2005–09: Formation and early career

Kimberly Perry sang in her own band as a teenager with her brothers Neil and Reid working as roadies. At ages 8 and 10, the brothers began performing as an opening act, the Mobile Music Machines, for Kimberly. Kimberly released an EP entitled "Carry On" with a song of the same name inspiring two songs on "Pioneer". Once they had united to form as "the Band Perry", they joined a New Faces of Country tour in 2005.

In 2008, they were discovered by Garth Brooks' manager Bob Doyle, who helped them make recordings that were sent to Scott Borchetta, head of the newly established Republic Nashville label. They signed to Republic Nashville in August 2009 and released their debut single "Hip to My Heart". All three members wrote it with Brett Beavers.
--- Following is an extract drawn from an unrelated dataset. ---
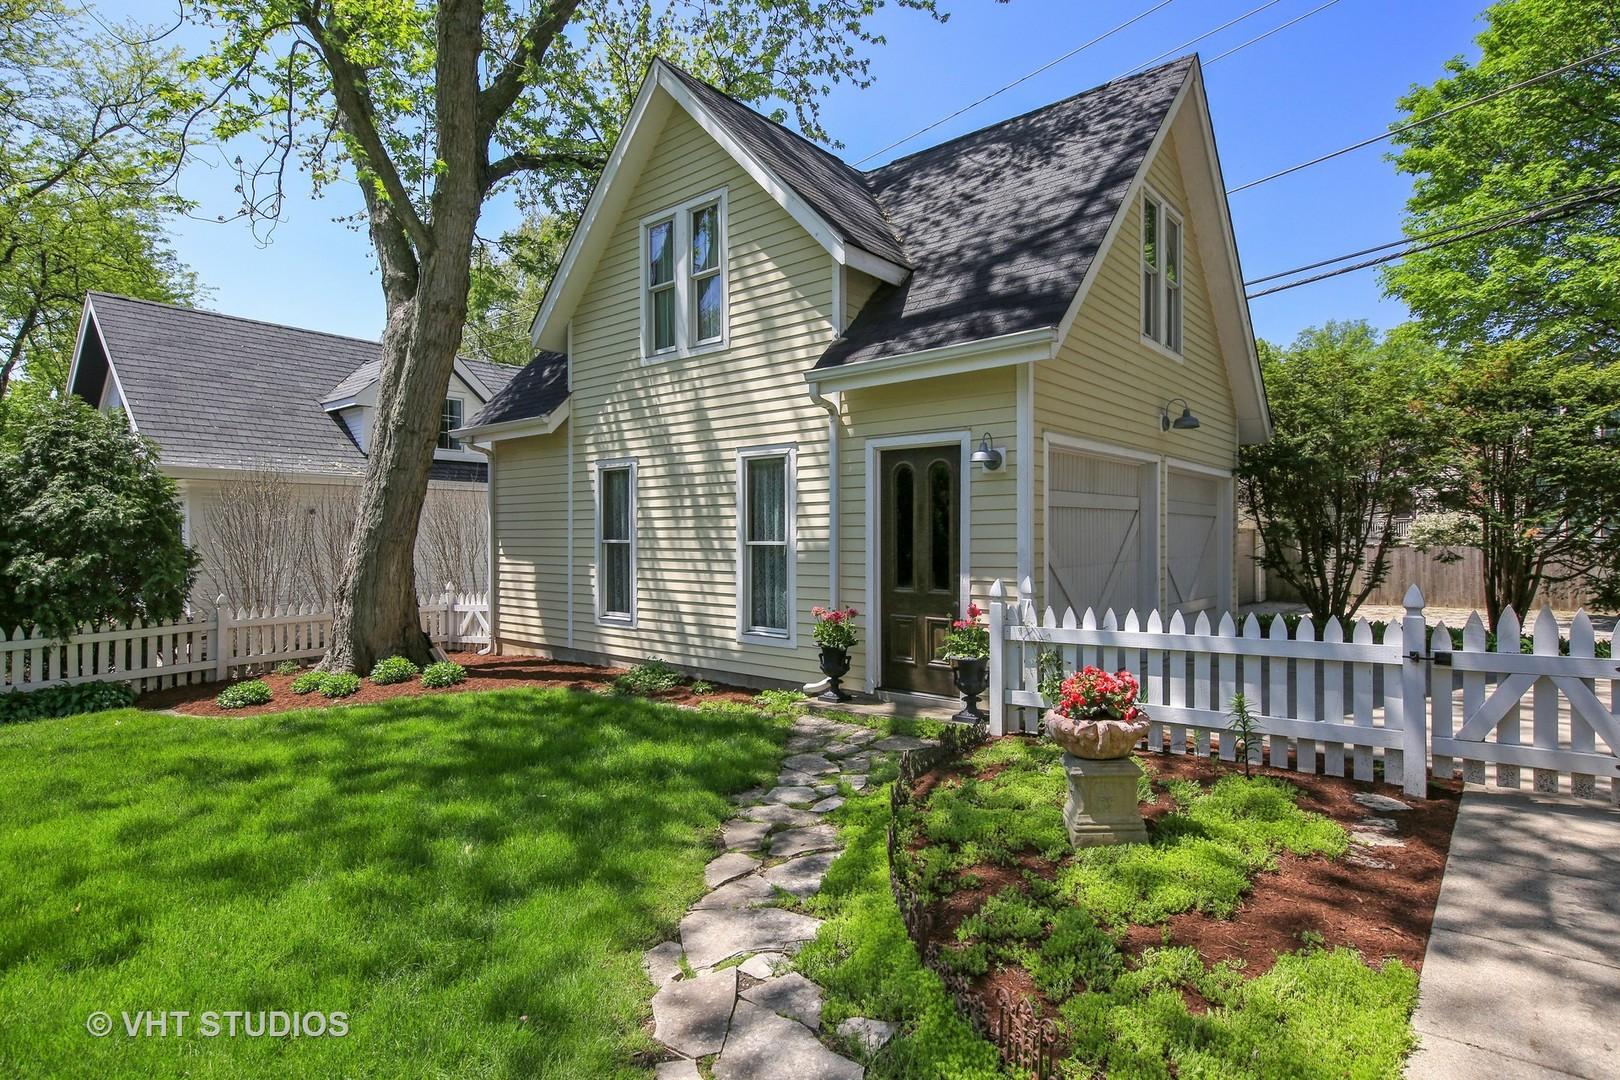 136 North WASHINGTON, Hinsdale, Illinois, 60521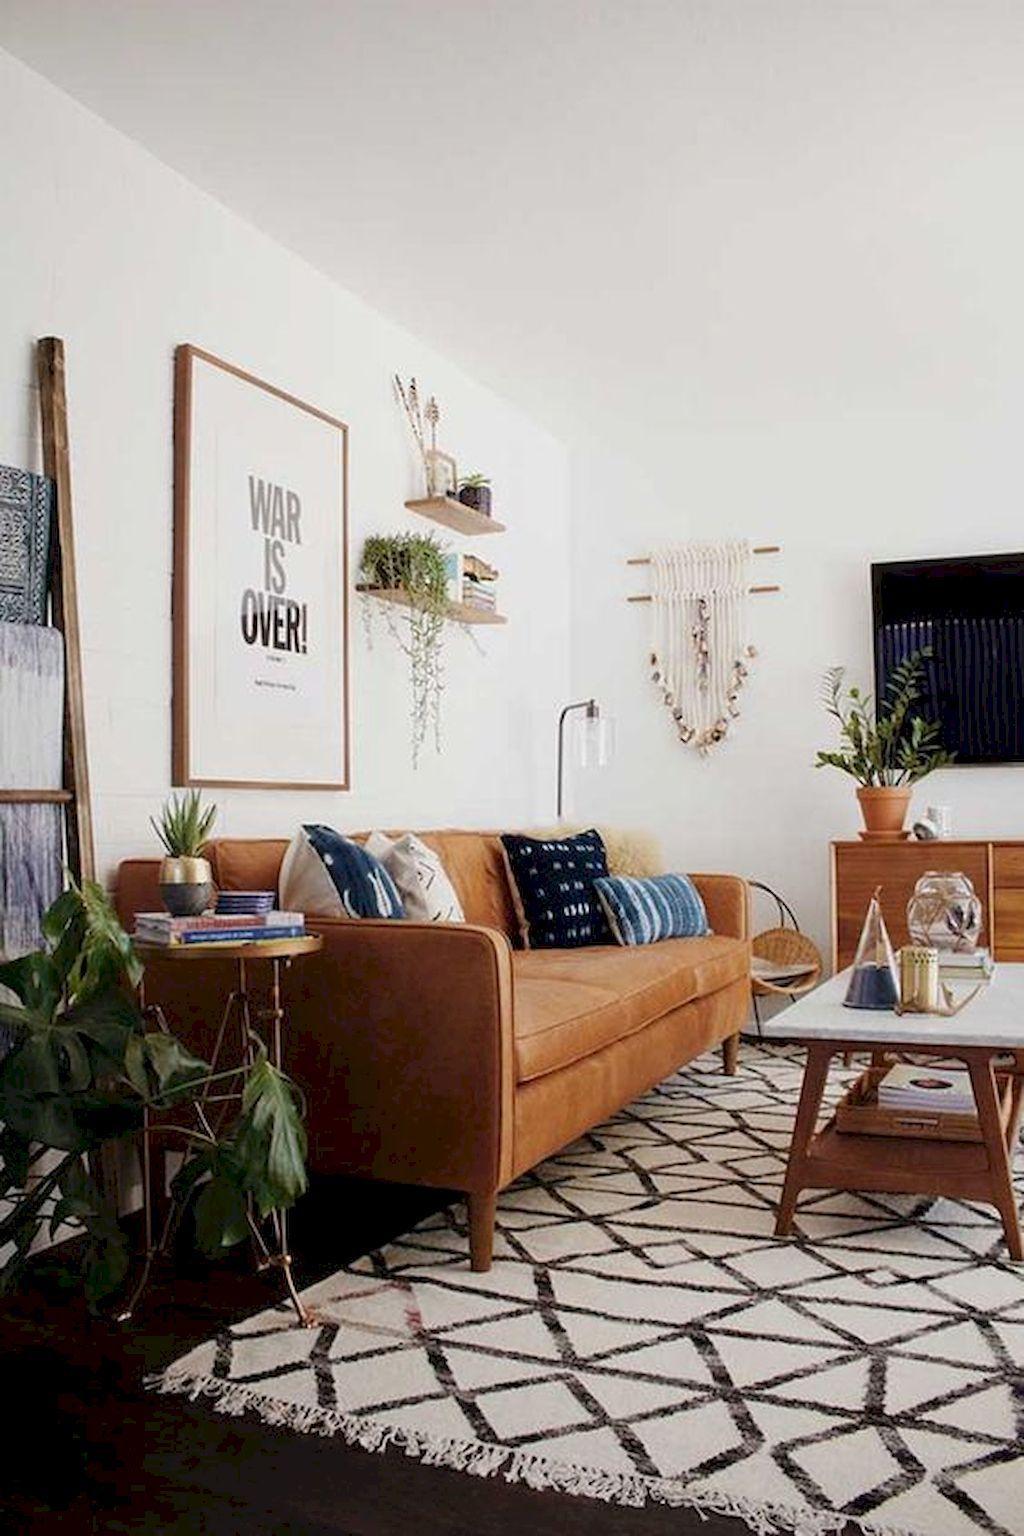 Modern bohemian home decor  Inspiration ideas for modern bohemian decorating interior

The song peaked at No. 20 on the Billboard Hot Country chart. A self-titled extended play followed in April.

2010–14: The Band Perry and Pioneer
After "Hip to My Heart" fell from the charts, the Band Perry released their second single, "If I Die Young", written by Kimberly. "If I Die Young" and "Hip to My Heart" are on the band's self-titled debut album, released on October 12, 2010. The album was produced by Paul Worley and Nathan Chapman. "If I Die Young" reached No. 1 on the country music chart, and No. 14 on the Billboard Hot 100. The album's third single, "You Lie", was written by Brian Henningsen, Aaron Henningsen, and Clara Henningsen. It debuted in December 2010 and hit No. 2 in 2011. After it, "All Your Life" reached number 1 in February 2012, and "Postcard from Paris" reached number 6. The album sold 1.6 million copies.

In mid-2012, the band began working with producer Rick Rubin on their second album, Pioneer, which was released on April 2, 2013. The album's first single, "Better Dig Two", was released to country radio on October 30, 2012. The album's second single, "Done", charted in March 2013 ahead of its release date, reaching number 8 on the Hot Country chart. It reached number 1 on the Country Airplay chart in August 2013. Pioneer ended up being produced by Dann Huff and became the group's first number one on the Top Country Albums chart in addition to reaching the number two spot on the all-genre Billboard 200. The album's third single, "Don't Let Me Be Lonely", was released to country radio on August 26, 2013. It reached number 2 on the Country Airplay chart in February 2014. The album's fourth single, "Chainsaw", which was originally recorded by the group Old Dominion, was released to country radio on March 3, 2014. The song peaked at number 10 on Country Airplay. Later that year, they recorded a cover of the Glen Campbell hit, "Gentle on My Mind", for the documentary about the singer titled Glen Campbell: I'll Be Me, which was released as a standalone single. The band performed in the pre-game show of Super Bowl XLVIII, on Sunday, February 2, 2014.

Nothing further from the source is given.